Il n’est rien arrivé non plus aux adultes et adolescents qui ont dormi, parfois plusieurs nuits d’affilée, dans le réduit de terre situé sous la chapelle. Une trappe de trois planches en masque l’accès. Elle est toujours là, le réduit aussi. On se contorsionne pour y descendre, on n’y tient pas debout, la lumière n’y existe plus et les chuchotements traversent les lattes du vieux parquet solide. On peine à imaginer la promiscuité vécue par celles qui s’y sont réfugiées en craignant une rafle. Elles ont été jusqu’à sept dans cet espace minuscule. « Cette trappe, c’est mon cauchemar », a témoigné Annie Beck auprès de Jean-Pierre Denis. Annie Beck a aussi livré un récit poignant de son histoire, en avril 2022, lors d’un événement à Capdenac-Gare.

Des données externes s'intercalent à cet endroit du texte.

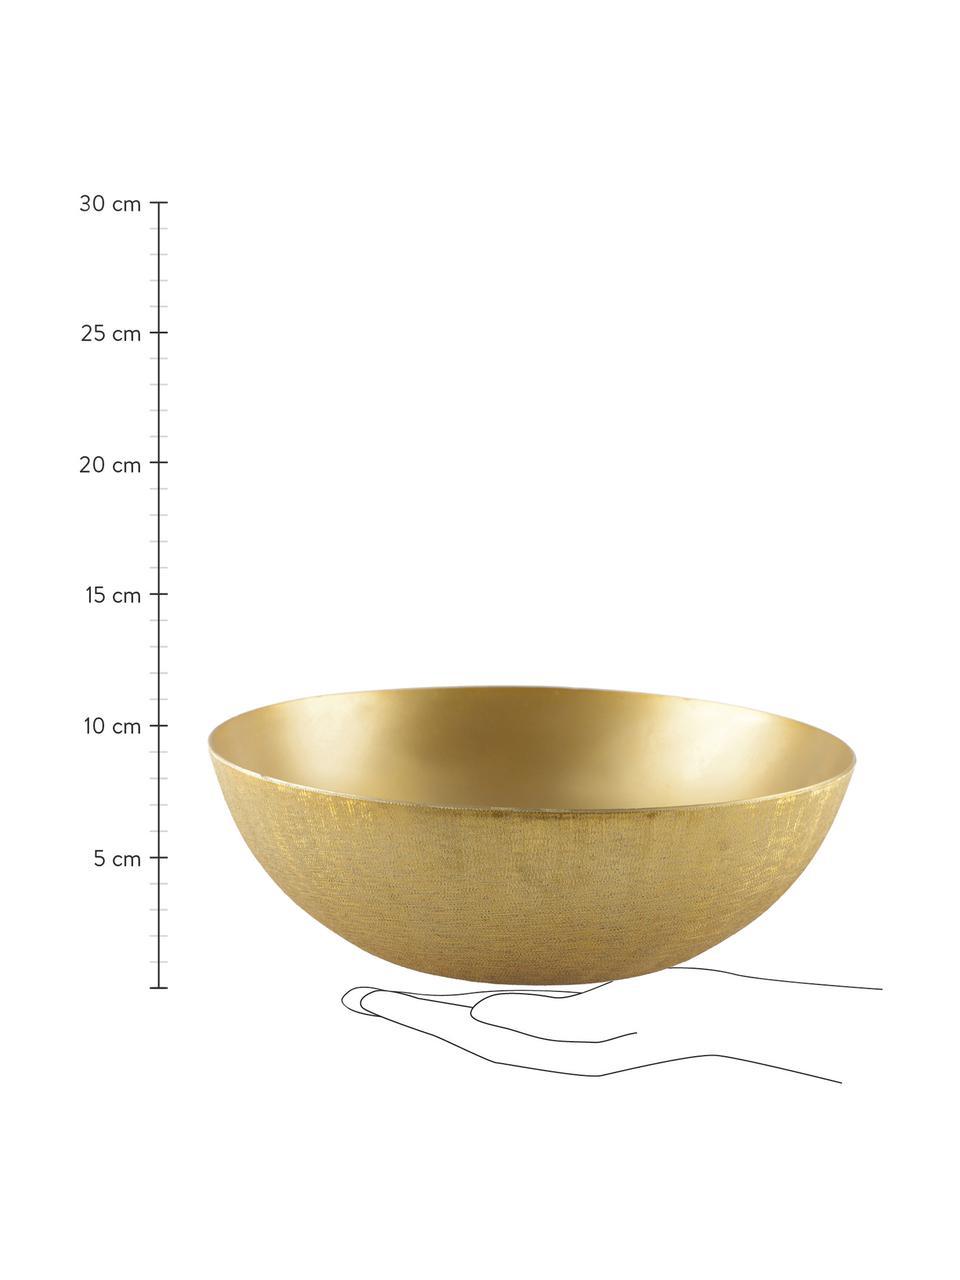 Miska z aluminium Simple, Aluminium powlekane, Odcienie złotego, szczotkowany, Ø 25 x 8 cm

Cette histoire, ce couvent, ces femmes d’honneur que furent Denise Bergon et Marguerite Roques seront au cœur du troisième chapitre du livre. Isidore et Simone étaient au maquis de Vabre quand leurs filles étaient en sécurité. Isidore a écrit, en 1947, son témoignage sur l’action de Denise Bergon : « J’atteste avoir appris que Madame Bergon, avec un mépris du danger digne des plus belles traditions françaises, a rempli au milieu de difficultés sans nombre, un grand nombre de missions de sauvetage de personnes alors dites non aryennes, qu’elle a réussi à soustraire aux recherches de la police et de l’ennemi. À cette tâche magnifique, elle a usé prématurément ses forces jusqu’à compromettre sérieusement une santé déjà éprouvée. Je suis heureux de délivrer la présente attestation qui n’est qu’un faible témoignage de notre admiration et notre profonde reconnaissance. » Denise Bergon et Marguerite Roques ont offert à ma grand-mère la possibilité d’avoir « une belle vie » d’amour et de courage. Ces deux Justes m’ont permis d’être là, pour raconter cette histoire et la faire vivre.